PROBLEM TO SOLVE – In full and word for word, copy the listing; no pictures belong in the copy.

DATASET CONTENT –

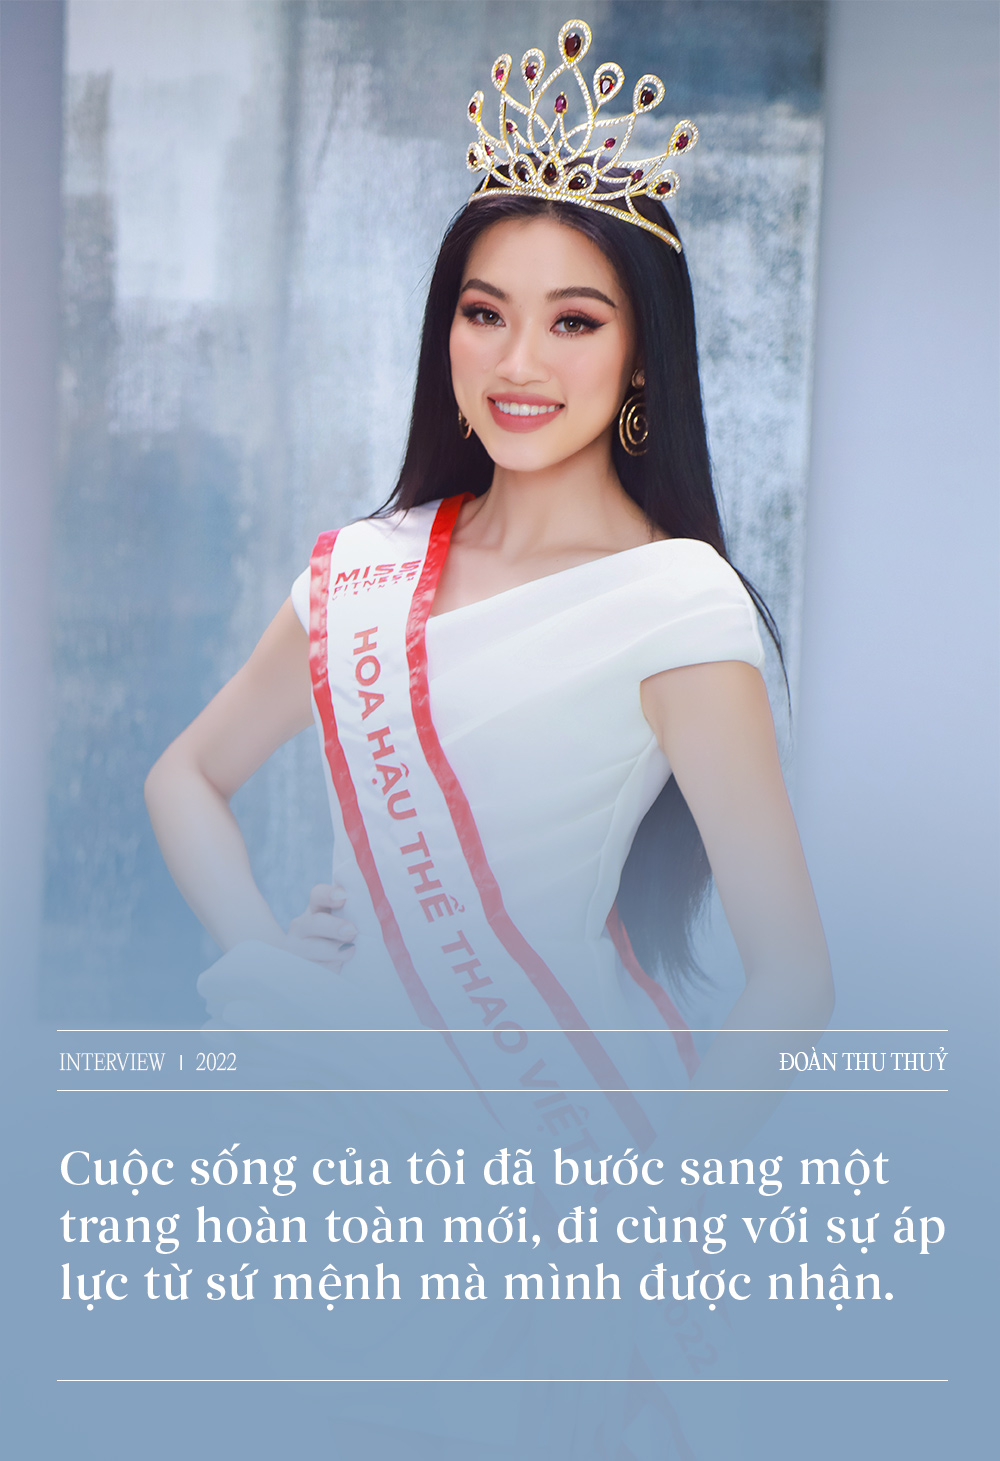 Giao lưu cùng Top 3 Hoa hậu Thể thao Việt Nam: Một lần nói rõ những lùm xùm hậu đăng quang, nhận xét thẳng thắn về Lê Bống  - Ảnh 2.
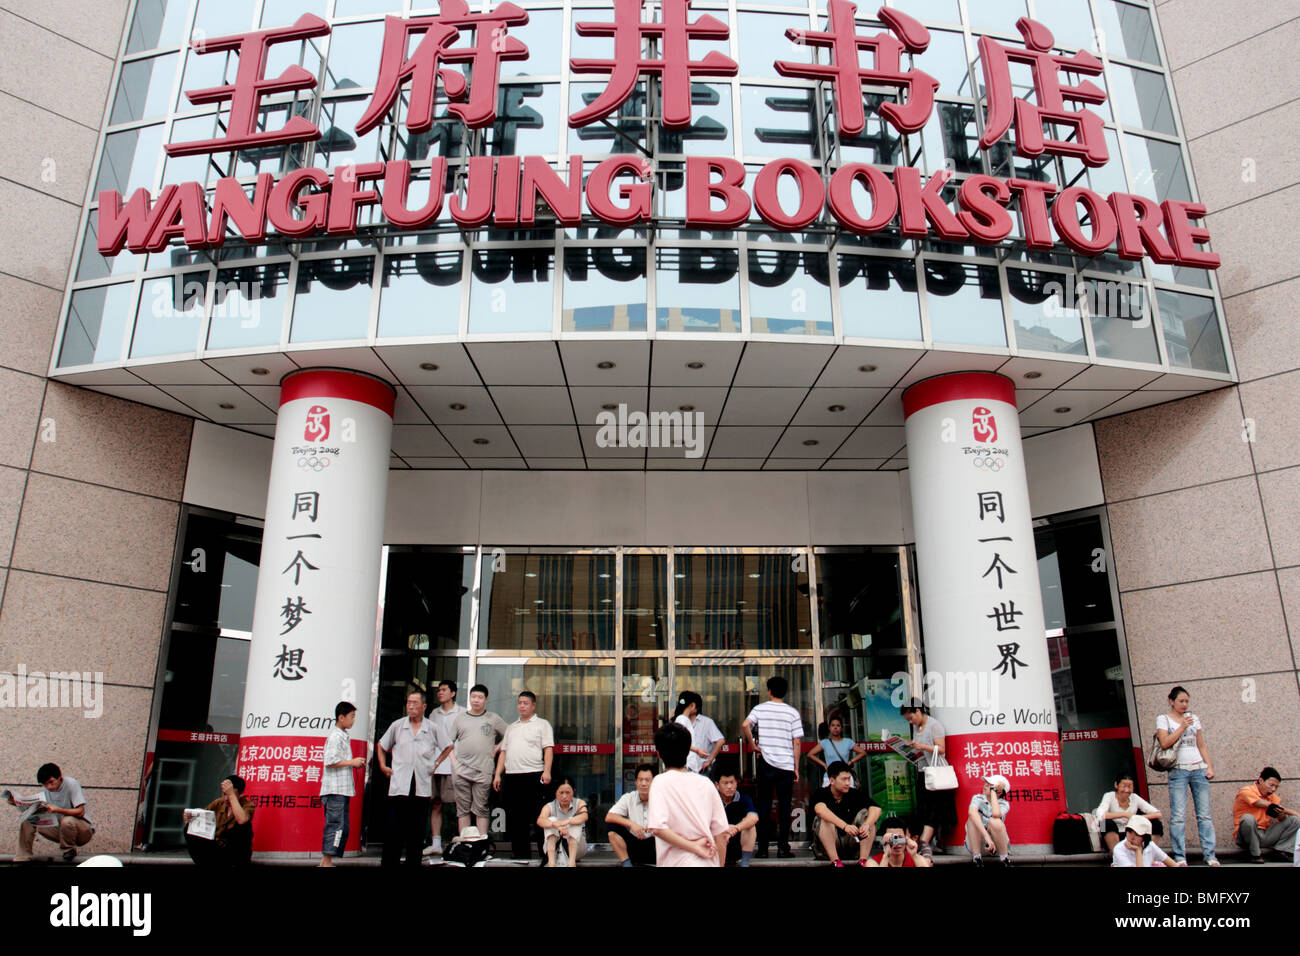 Wangfujing Bookstore, Wangfujing, Beijing, China Stock Photo
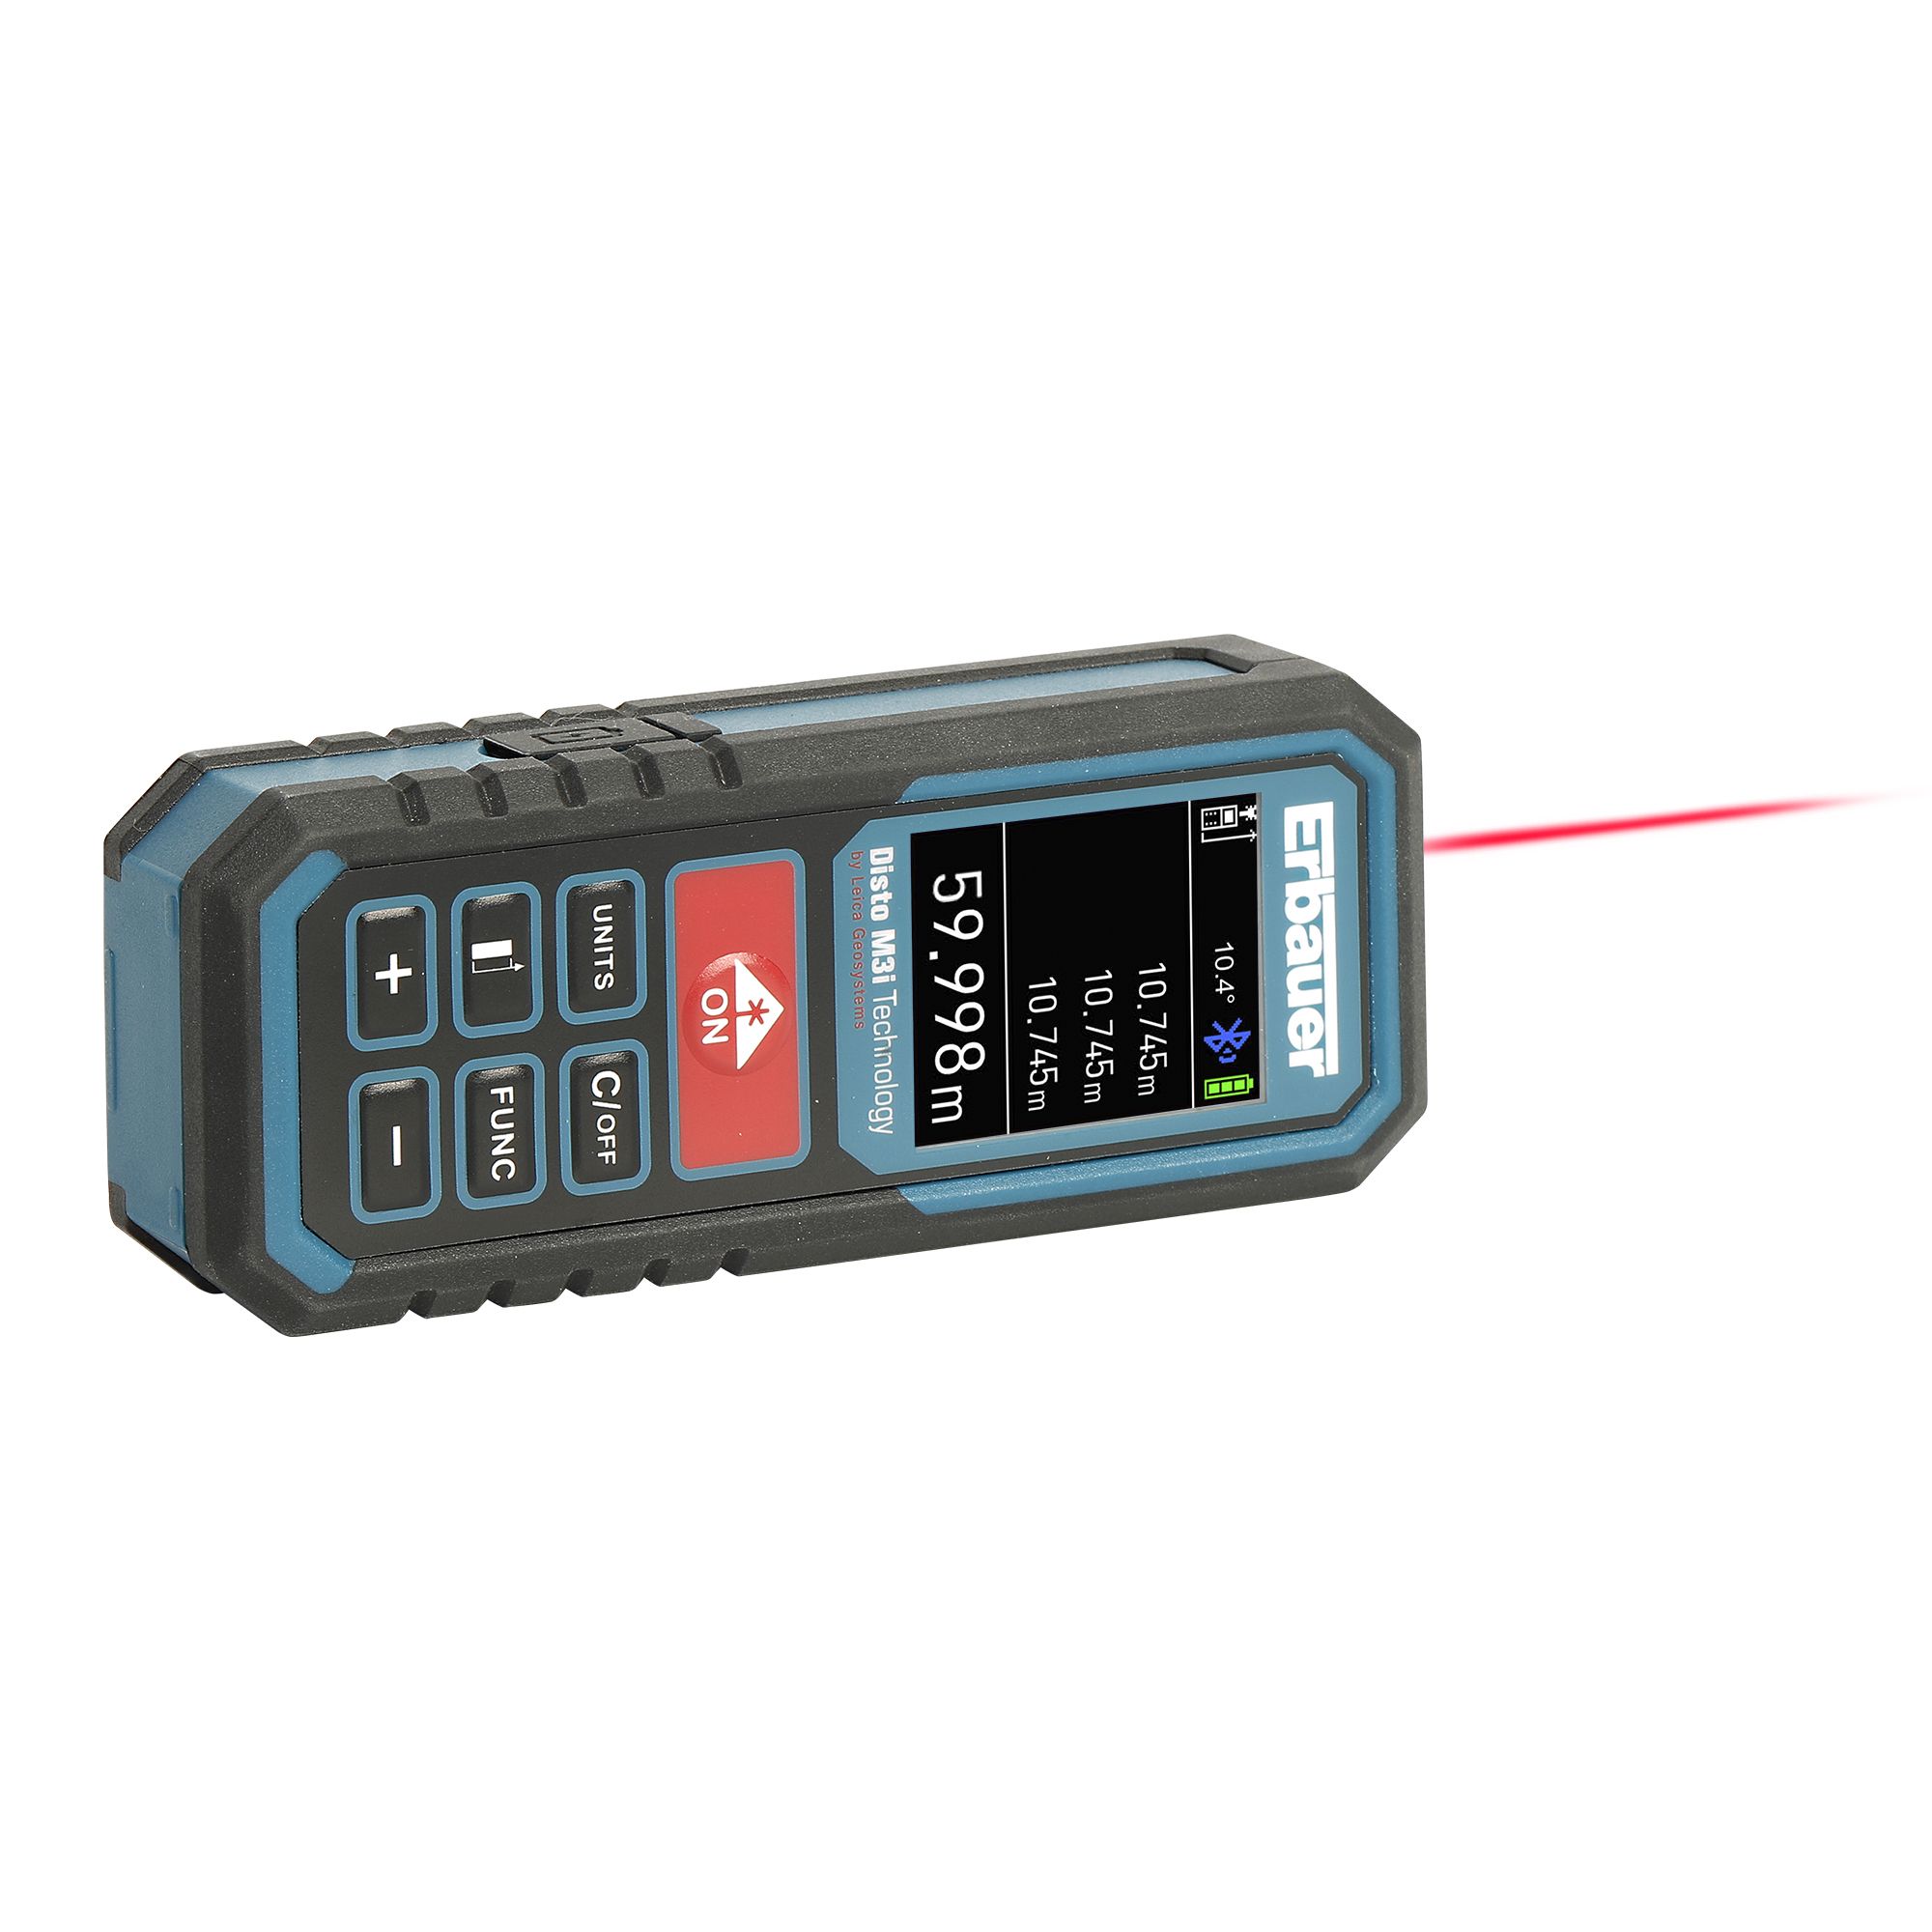 60m Laser distance measurer

SOLUTION TO THE PROBLEM –
 Giao lưu cùng Top 3 Hoa hậu Thể thao Việt Nam: Một lần nói rõ những lùm xùm hậu đăng quang, nhận xét thẳng thắn về Lê Bống  - Ảnh 2.
 Wangfujing Bookstore, Wangfujing, Beijing, China Stock Photo
 60m Laser distance measurer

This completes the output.